→ ABOUT THIS EXERCISE
From the line containing "Navy Blue Mid-Rise" through the end of the material below, output each line exactly as written, with pictures excluded.

→ DATA SECTION
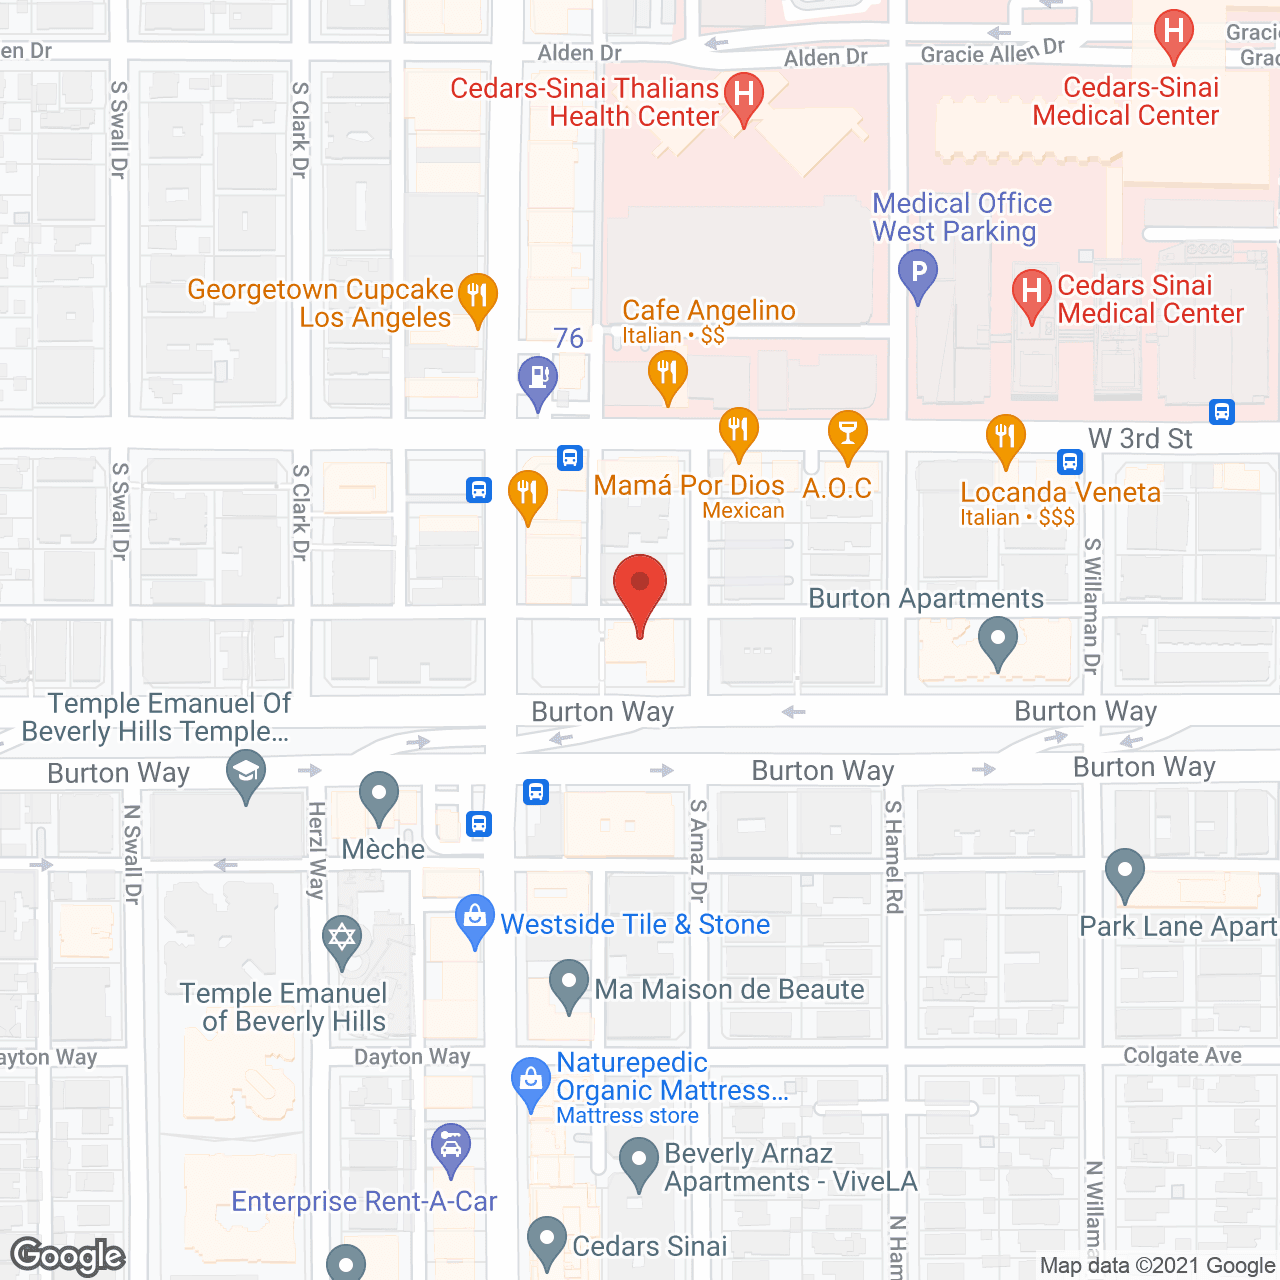 Beverly Hills Carmel Inc. North in google map
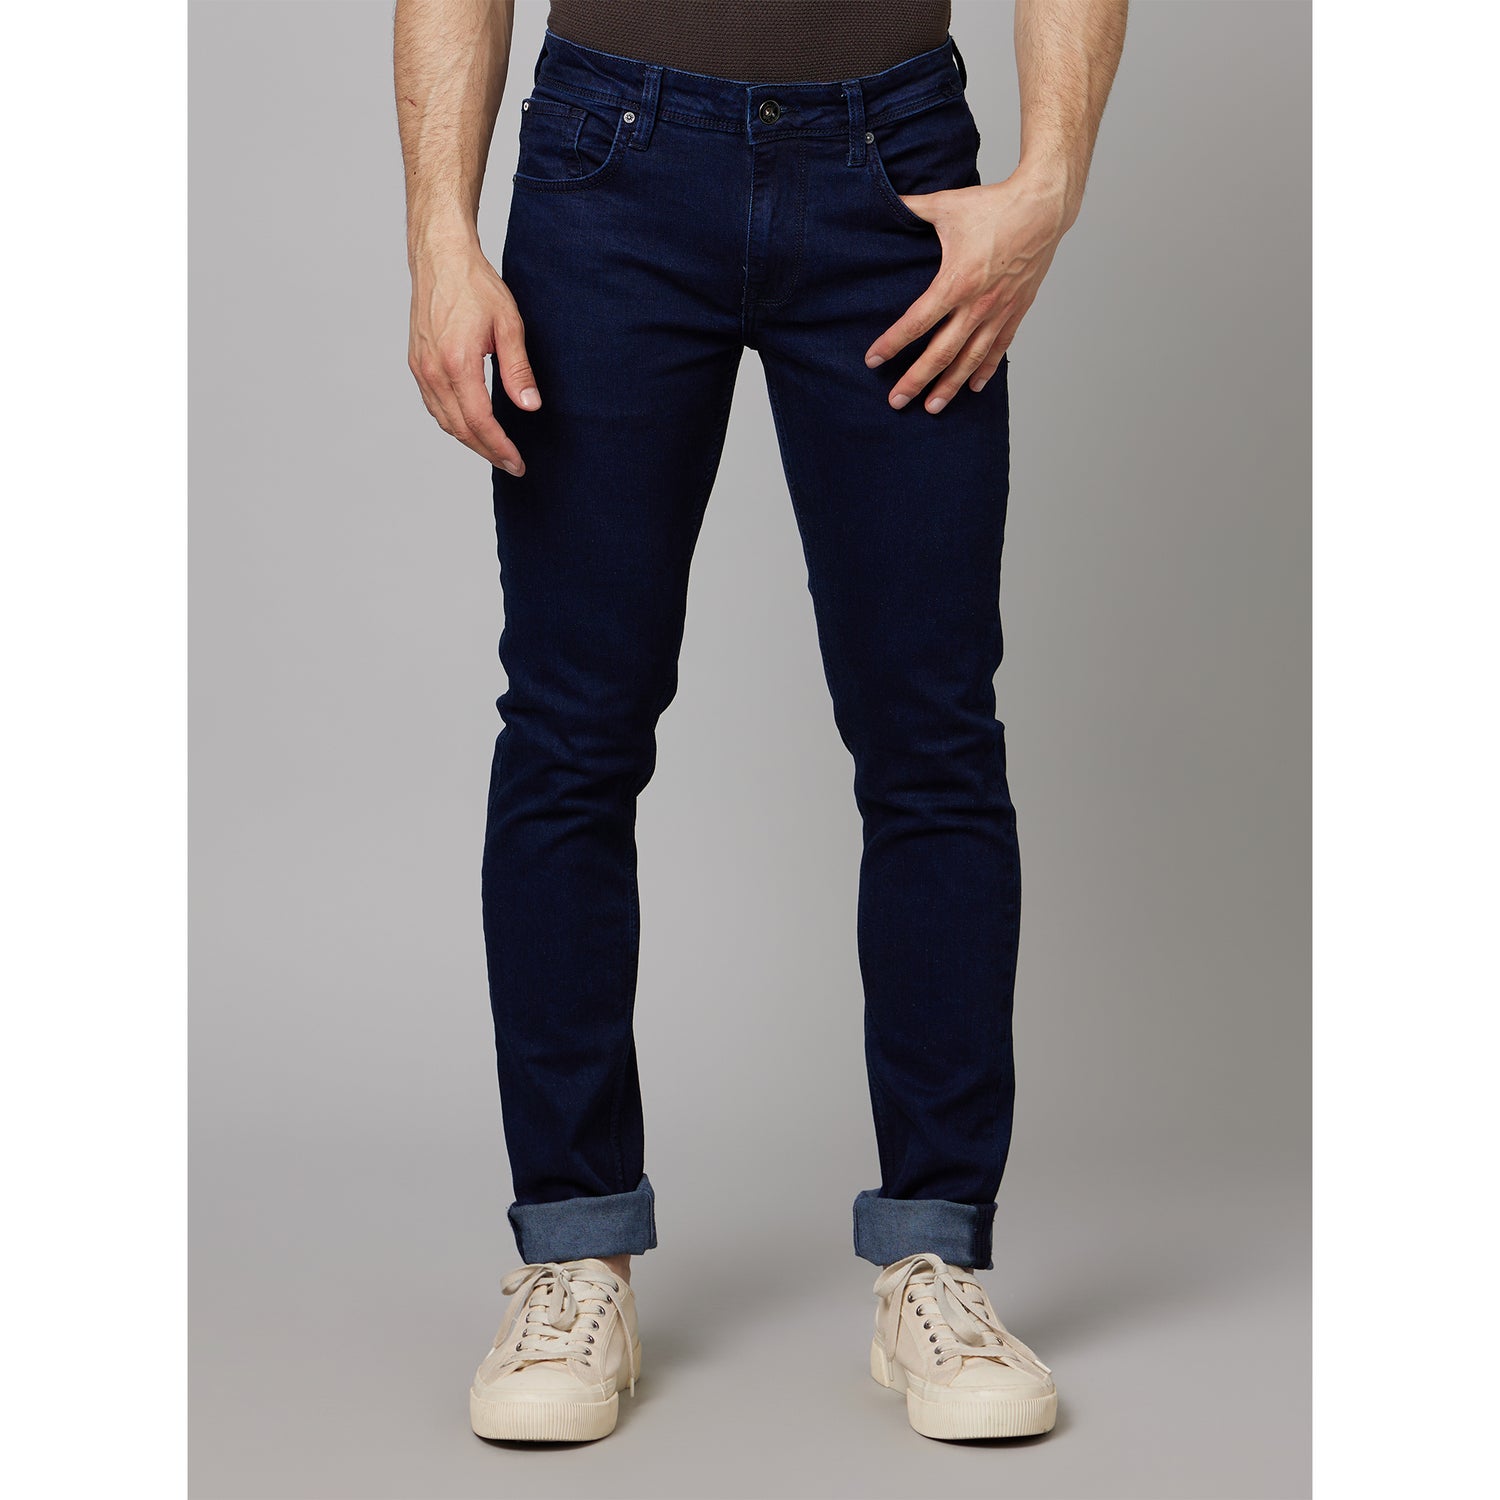 Navy Blue Mid-Rise Jean Slim Fit Jeans (COECODARK125)
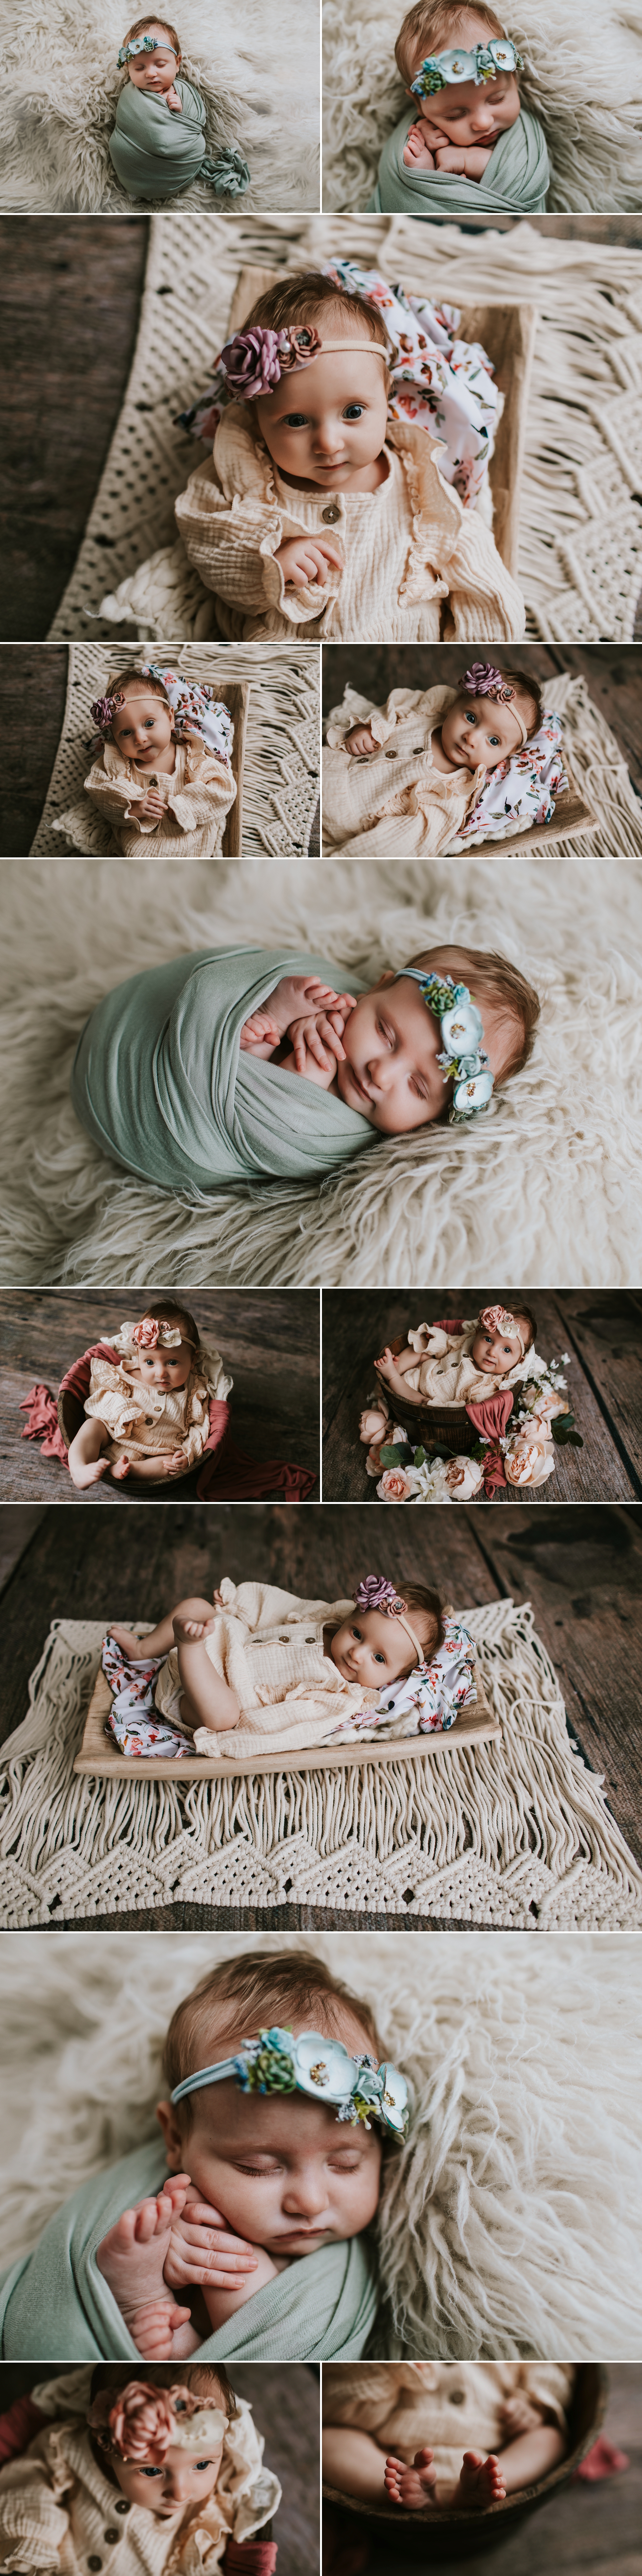 8 week newborn session floral headbands macrame baby girl furry rugs boho photographer 63090

→ EXPECTED OUTPUT
 Navy Blue Mid-Rise Jean Slim Fit Jeans (COECODARK125)
 8 week newborn session floral headbands macrame baby girl furry rugs boho photographer 63090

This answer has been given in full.